Re: [PATCH 1/2] sched_ext: Fix ops.dequeue() semantics

From: Andrea Righi

Date: Thu Feb 12 2026 - 05:23:18 EST

On Wed, Feb 11, 2026 at 12:37:13PM -1000, Tejun Heo wrote:
> Hello,
>
> On Wed, Feb 11, 2026 at 11:34:54PM +0100, Andrea Righi wrote:
> > > The end result is about the same because whenever we migrate we're sending
> > > it to the local DSQ of the destination CPU, so whether we generate the event
> > > on deactivation of the source CPU or activation on the destination doesn't
> > > make *whole* lot of difference. However, conceptually, migrations are
> > > internal events. There isn't anything actionable for the BPF scheduler.

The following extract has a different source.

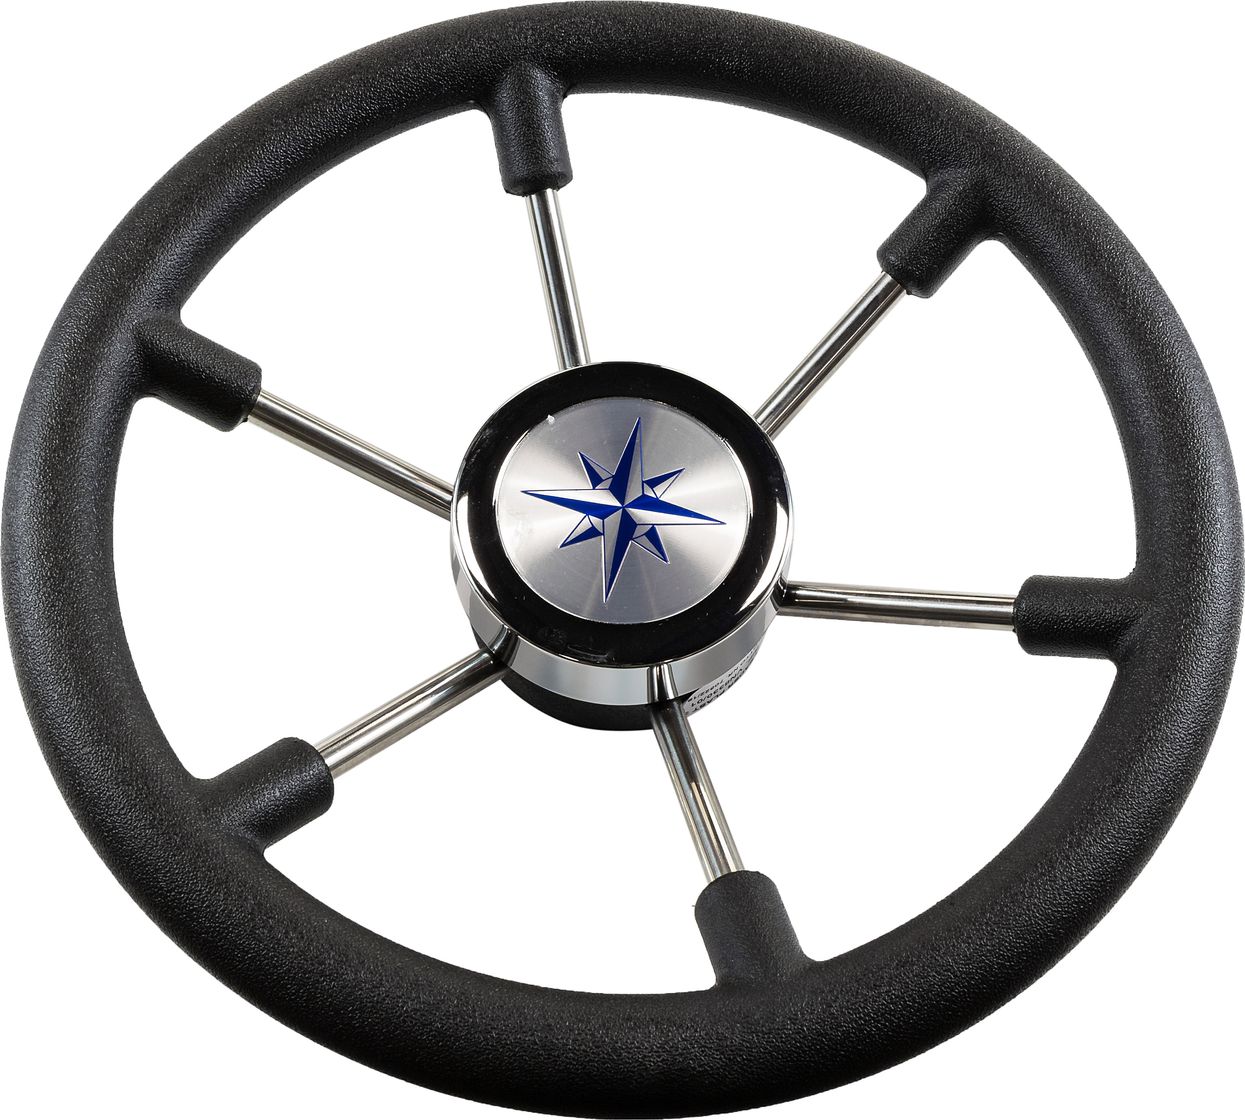 Рулевое колесо LEADER PLAST черный обод серебряные спицы д. 330 мм VN8330-01 рулевое колесо orion обод черносиний спицы серебряные д 355 мм vn960101 99

The
> > > reason why ops.dequeue() should be emitted is not because the task is
> > > changing CPUs (which caused the deactivation) but the fact that it ends up
> > > in a local DSQ afterwards. I think it'll be cleaner both conceptually and
> > > code-wise to emit ops.dequeue() only from dispatch_enqueue() and dequeue
> > > paths.
> >
> > Does this include core scheduler migrations or just SCX-initiated
> > migrations (move_remote_task_to_local_dsq())?
> >
> > Because with core scheduler migrations we trigger ops.enqueue(), so we
> > should also trigger ops.dequeue(). Or we need to send the task straight to
> > local to prevent calling ops.enqueue().
>
> I'm a bit lost. Can you elaborate on core scheduler migrations triggering
> ops.enqueue()?

Alright, let me re-elaborate more on this with a (slightly) fresher brain.

We have two main classes of migrations:

1) Internal SCX-initiated migrations: e.g.,
dispatch_to_local_dsq() -> move_remote_task_to_local_dsq(), or
consume_remote_task() -> move_remote_task_to_local_dsq(), these
are completely internal to SCX and shouldn't trigger
ops.dequeue/enqueue()

2) Core scheduler migrations
- CPU affinity: sched_setaffinity, cpuset/cgroup mask change, etc.
affine_move_task -> move_queued_task migrates it -> we trigger
ops.dequeue(SCX_DEQ_SCHED_CHANGE) on the source and ops.enqueue() on
the target.

- Core scheduling (CONFIG_SCHED_CORE): two different cases:
- Migration (task moved between runqueues via move_queued_task_locked()
to satisfy core cookie)

- NUMA balancing: migrate_task_to() can move an SCX task to another CPU

- CPU hotplug: on CPU down, runnable tasks are pushed off via
__balance_push_cpu_stop() -> __migrate_task()

If we want to skip ops.dequeue() only for internal SCX migrations (and
maybe also for NUMA and hotplug?), then only checking
task_on_rq_migrating(p) is not enough, because that's true for every
migration listed above and we'd skip all of them.

So, we need a way to mark "this migration is internal to SCX", like a new
SCX_TASK_MIGRATING_INTERNAL flag?

The alternative is to always trigger ops.dequeue/enqueue() on every
migration (no flag): even for internal SCX migrations the BPF scheduler
could use it to track task movements, though there's nothing it can do.
That way we don't need the additional flag.

Does one of these directions fit better with what you have in mind?

Thanks,
-Andrea